More on that story about Jesus giving marijuana to the sick :)
Teacher Katrina Guarascio Resigns After Student Pens a Story on Jesus and Marijuana
Sounds like the teacher was forced to resign.
Teacher Katrina Guarascio Resigns After Student Pens a Story on Jesus and Marijuana
By Amanda Andrade-..., Tue, December 09, 2014
A teacher at Cleveland High School in Rio Rancho, New Mexico, said she was forced to quit after she allowed her students to have free reign in her creative writing class.
Katrina Guarascio gave her students an assignment to take a fairy tale or legend and rewrite it in a modern context. One student took the biblical story of Jesus feeding people fish and bread, and replaced it with Jesus giving marijuana to the sick.
“I don't take any personal offense,” Guarascio said. "It's not written for me. It's written for them. It's how they can express themselves."
In a peer review between students, one classmate was deeply offended by the story’s content and told her parents. The district then investigated the incident, and Guarascio was put on administrative leave.

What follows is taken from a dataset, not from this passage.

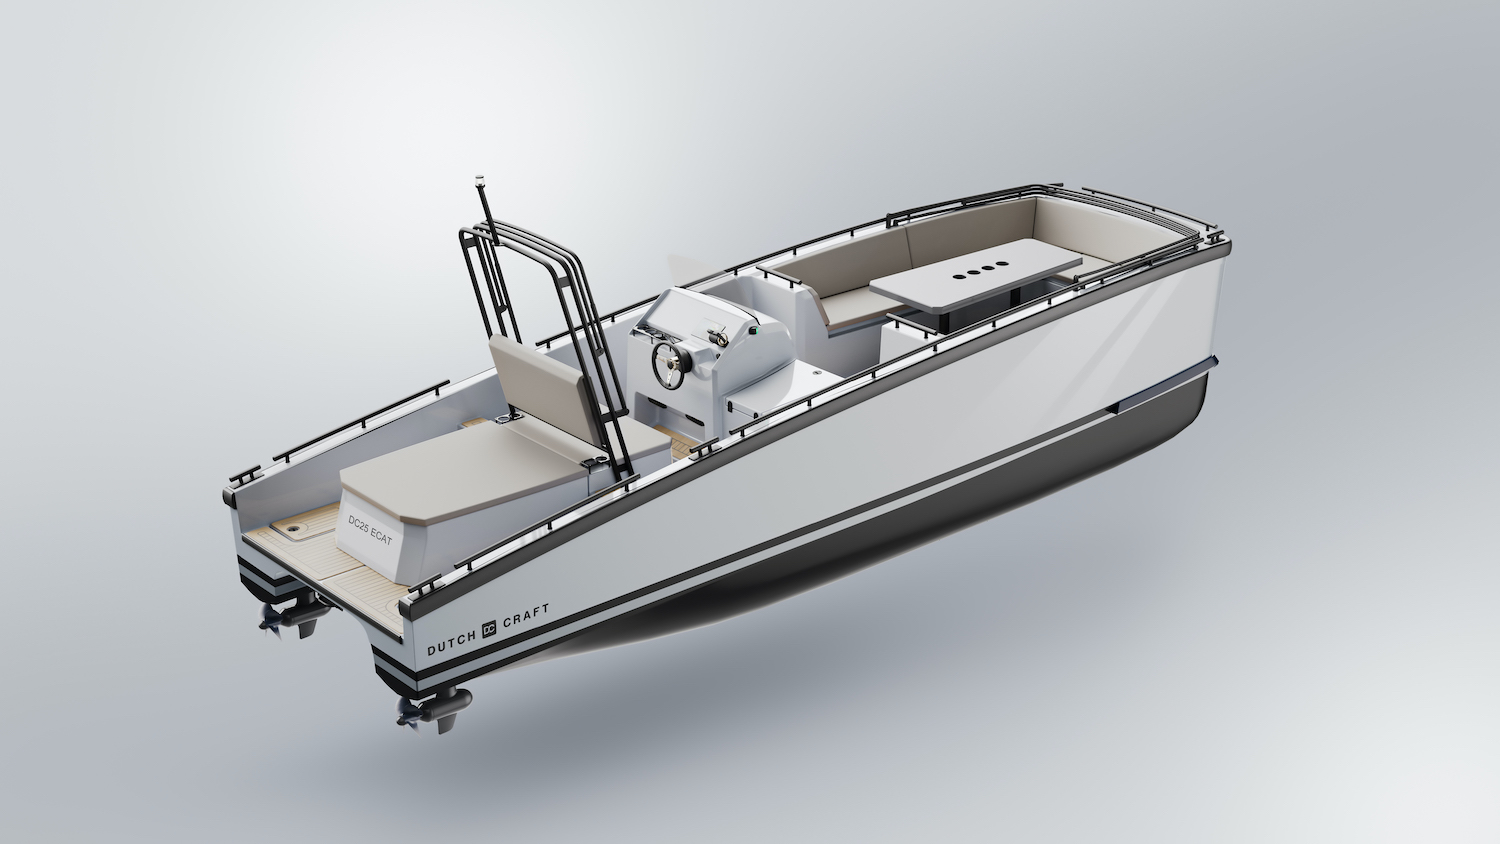 DutchCraft to Launch Electric Catamaran Dayboat

Guarascio said she felt targeted and harassed at work and felt she was forced to resign. “[The investigation was] kind of a slap in the face for years of hard work,” she said.
A spokesperson for Rio Rancho Schools said Guarascio chose to resign. "The teacher involved chose to resign rather than follow the district's direction that classes be administered in a professional manner,” she said.
Despite this, Guarascio said she still loves teaching. She advised her students to keep writing, despite the critics.“If they have something to say, say it,” she said. “Not everyone's going to agree with you. But that doesn't make your point invalid or worthless. Tell your story.”
Classroom controversy at a Rio Rancho high school
By Jon Swedien / Journal Staff Writer
PUBLISHED: Wednesday, December 10, 2014 at 12:05 am
CORRECTION: Katrina Guarascio’s name was spelled wrong in an earlier version of this story.
What seemed at first to be an innocuous creative writing assignment sparked a controversy at a Rio Rancho high school that ultimately cost Katrina Guarascio her job, the former English teacher said Tuesday.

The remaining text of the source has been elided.